In the body of Plaintiffs’ motion, they also seek a ruling on a
motion for sanctions, which they claim was included in opposition
to Defendants’ motion for sanctions (Doc. # 52).
1. Motion for Reconsideration
Plaintiffs move for reconsideration of the Court’s January
23, 2013 Order and a stay of numerous state court cases pending
the outcome of certiorari petitions to the United States Supreme
Court in this action and another action. Since Plaintiffs’
proposed order seeks the same relief that was denied in the
Court’s January 23, 2013 Order, the Court will consider the
request for reconsideration and for stay as one motion for
reconsideration.
“[A] motion for reconsideration should not be granted,
absent highly unusual circumstances, unless the district court is
presented with newly discovered evidence, committed clear error,
or if there is an intervening change in the controlling law.”
Marlyn Nutraceuticals, Inc. v.
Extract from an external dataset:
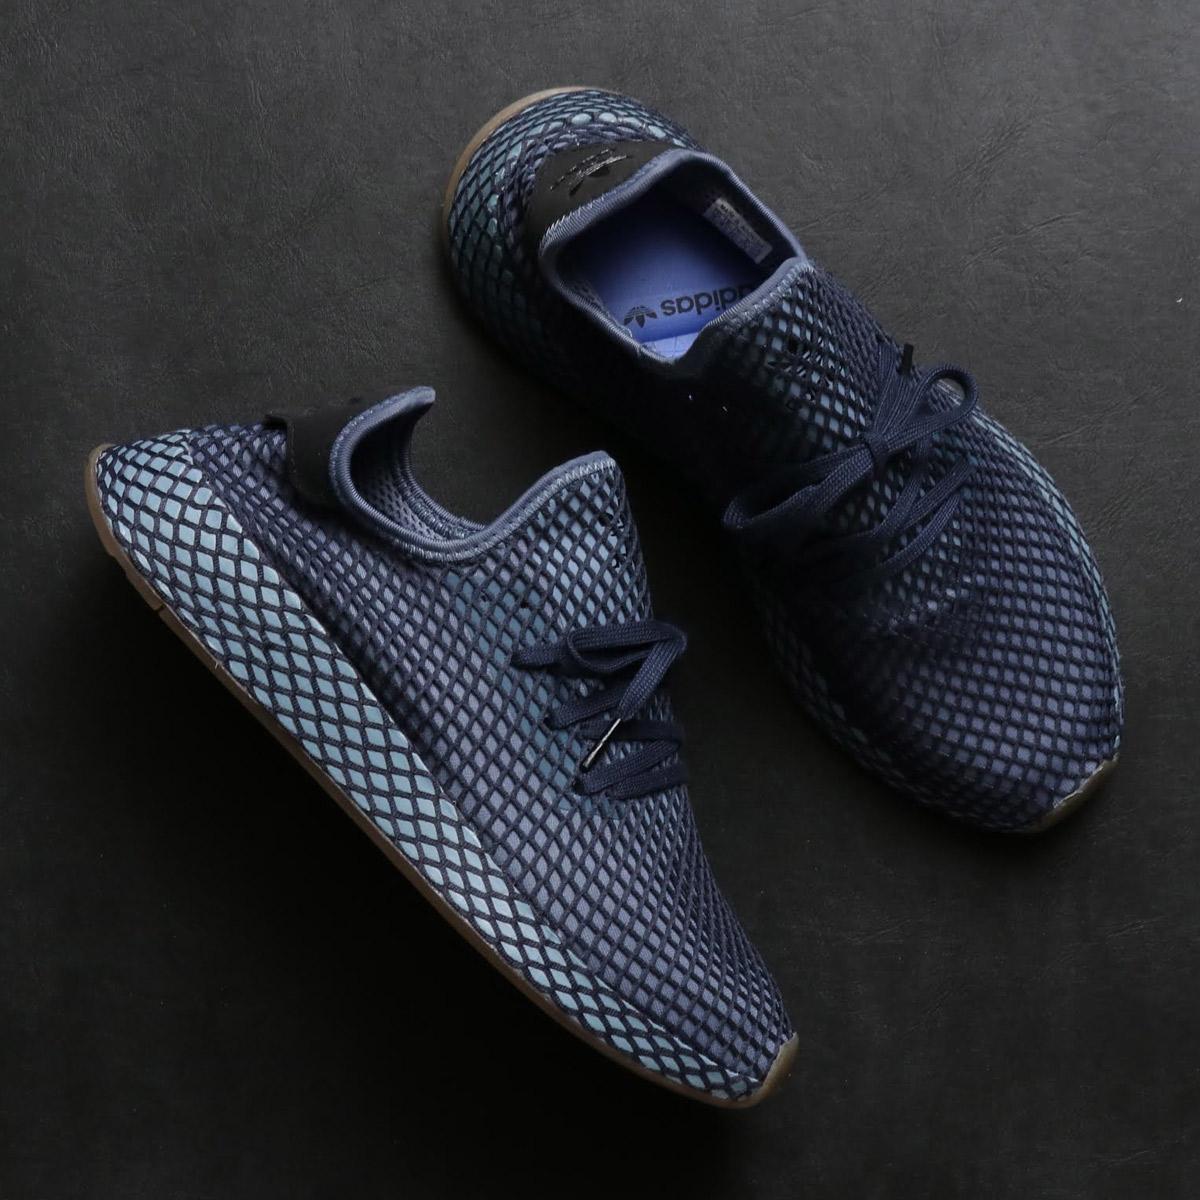 adidas Originals DEERUPT RUNNER(アディダス オリジナルス ディ-ラプトランナー)DARK BLUE/DARK BLUE/ASH BLUE【メンズ スニーカー】18FW-I

Mucos Pharma GmbH & Co., 571 F.3d
873, 880 (9th Cir. 2009) (quotation omitted).
Plaintiffs’ motion fails to meet the motion for
reconsideration standard. The motion is a reiteration of the same
arguments and theories extensively briefed prior to the Court’s
order on Plaintiffs’ Application for a Temporary Restraining
Order and the motions decided in the Court’s January 23, 2013
Order.
Plaintiffs’ reliance on recently decided Noel Canning v.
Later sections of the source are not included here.